--- WHAT YOU WILL DO ---
I'd like the data below restated word for word, with the pictures left out.

-- DATA SHOWN follows --

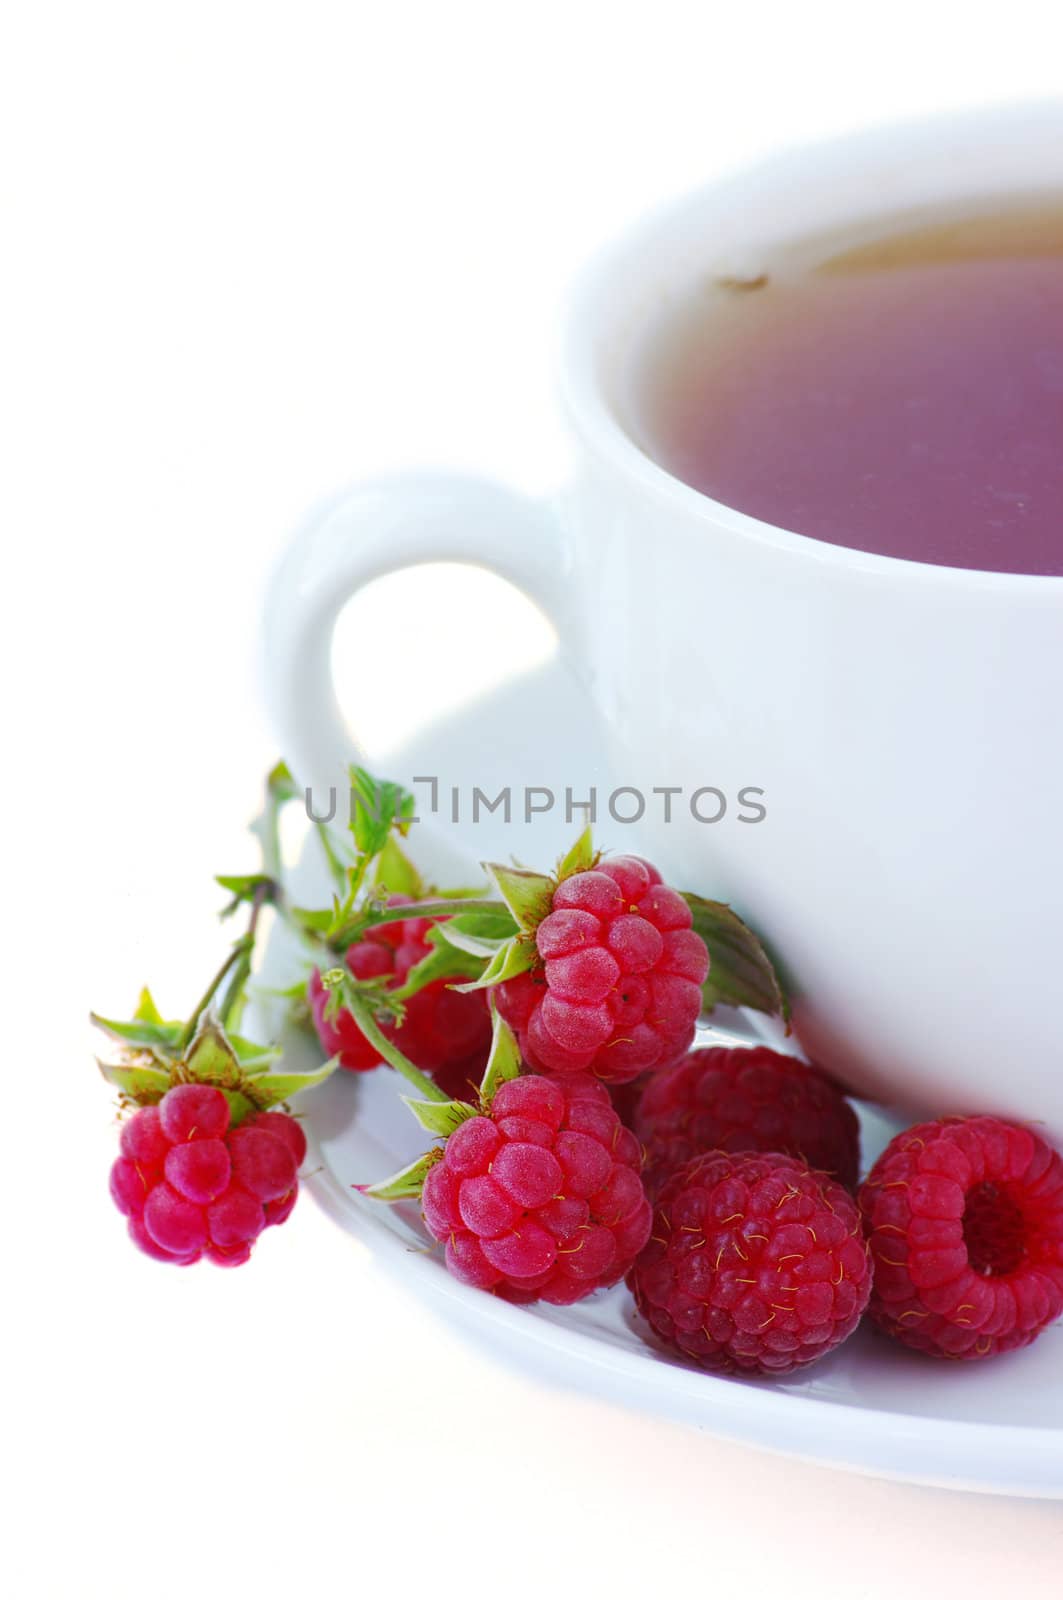 raspberry tea on the white background. Herbal tea.
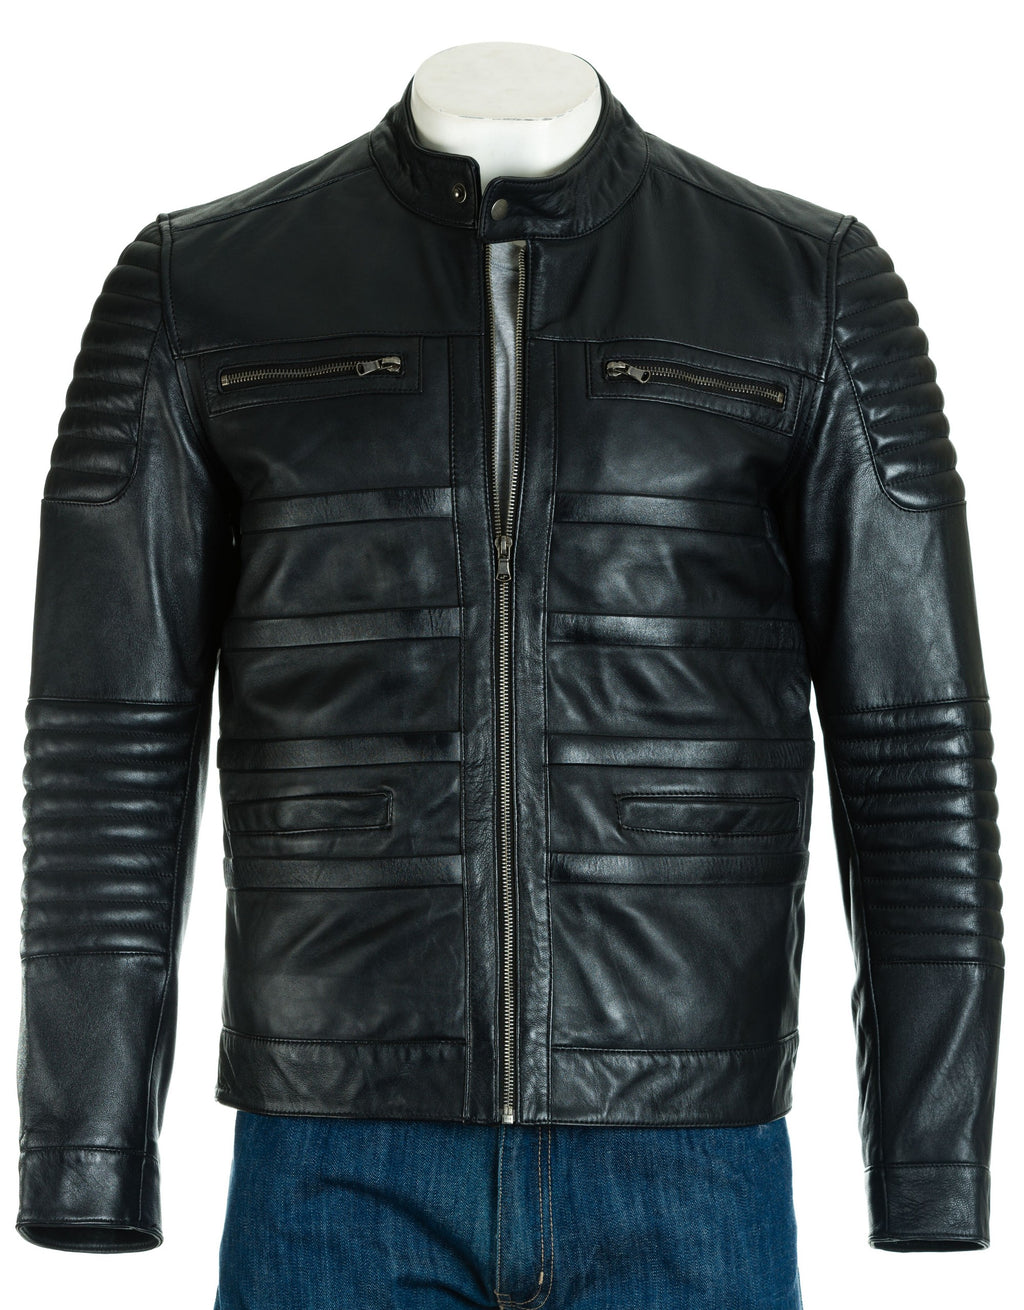 Men's Leather Biker Jacket with Horizontal Banding: Como
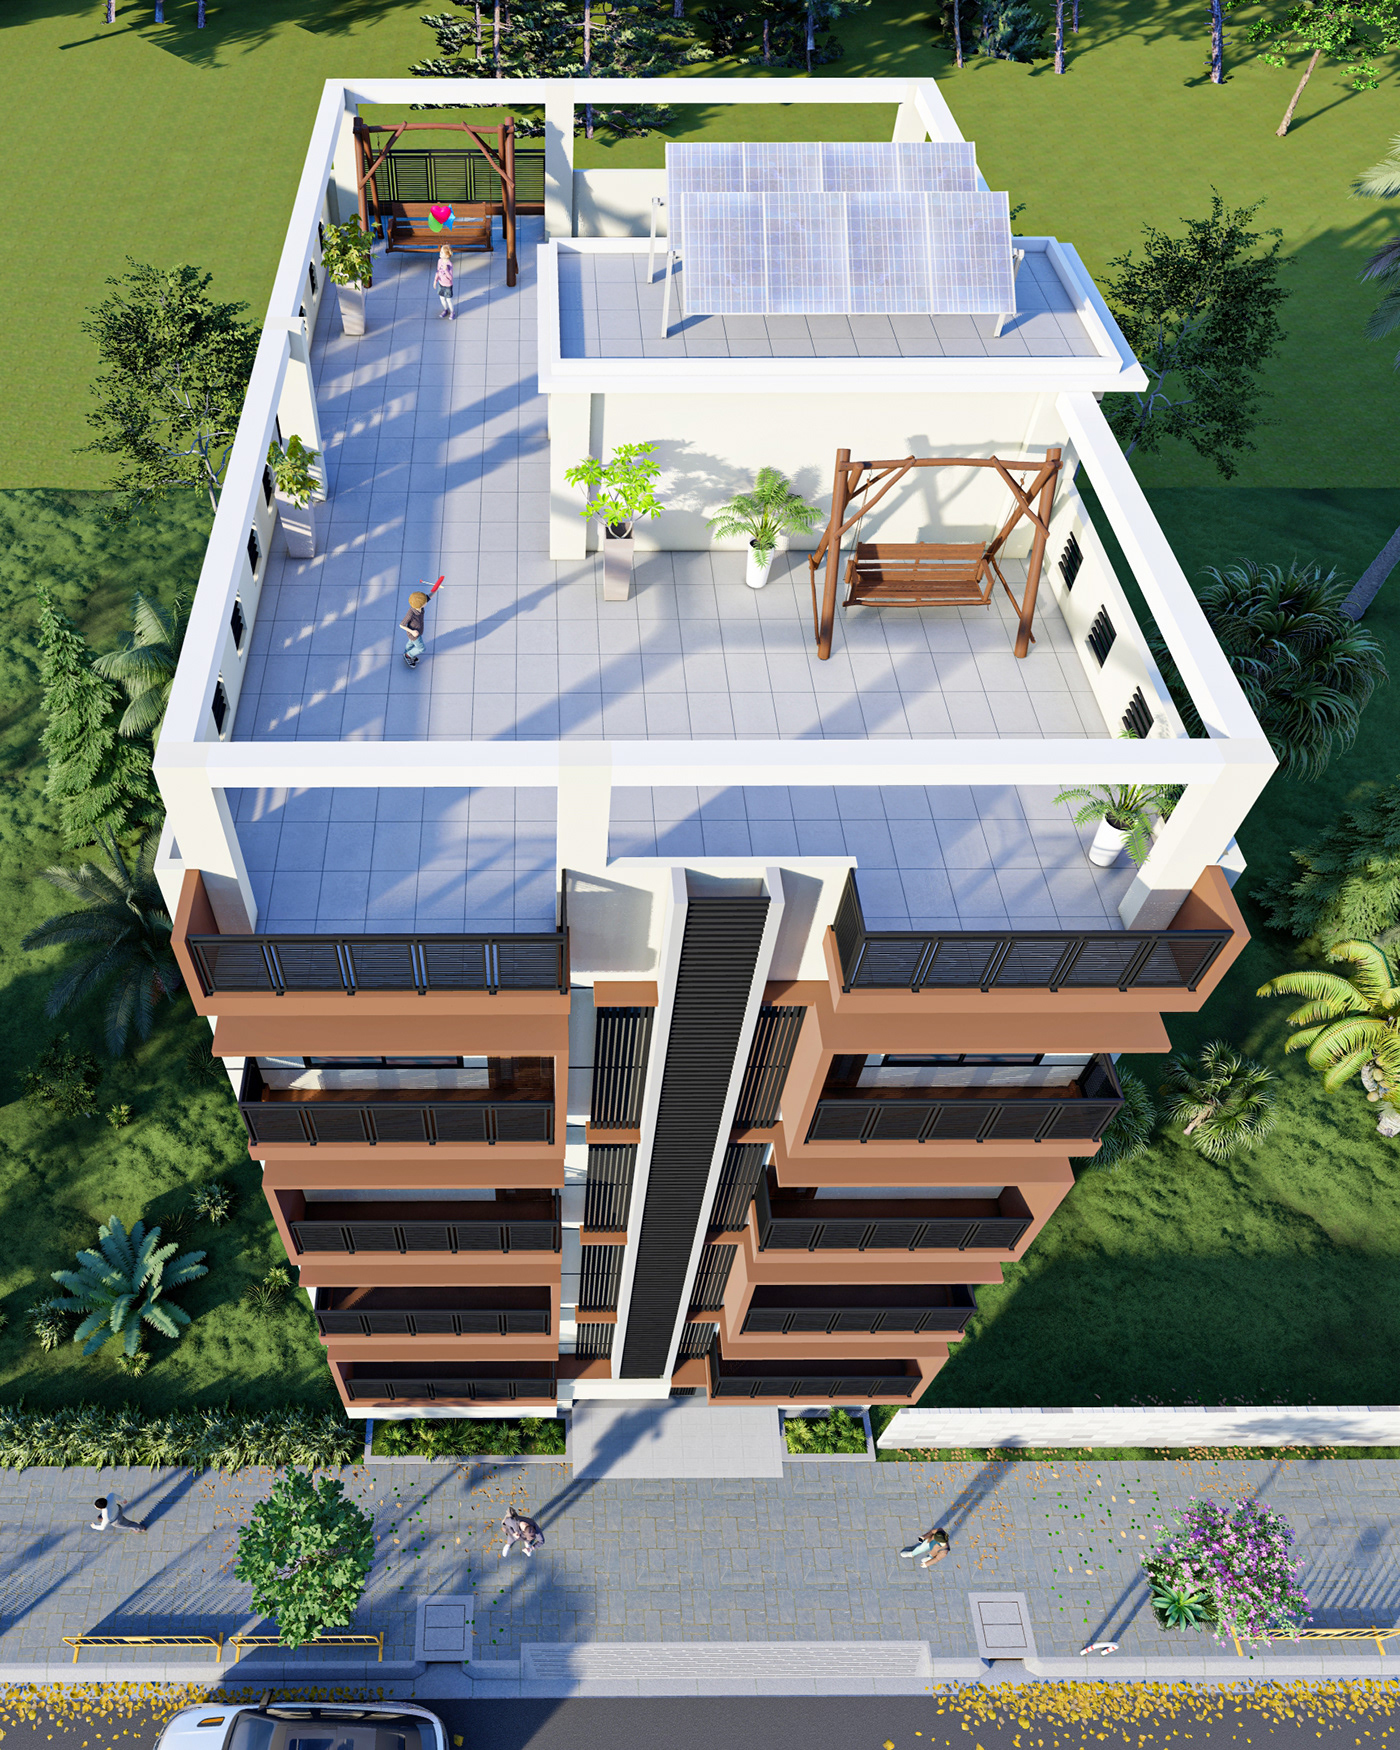 3D 5 storied building apartment building architectural architecture home plan HOUSE DESIGN Render view visualization

-- DATA SHOWN concluded --

--- RESPONSE ---
 raspberry tea on the white background. Herbal tea.
 Men's Leather Biker Jacket with Horizontal Banding: Como
 3D 5 storied building apartment building architectural architecture home plan HOUSE DESIGN Render view visualization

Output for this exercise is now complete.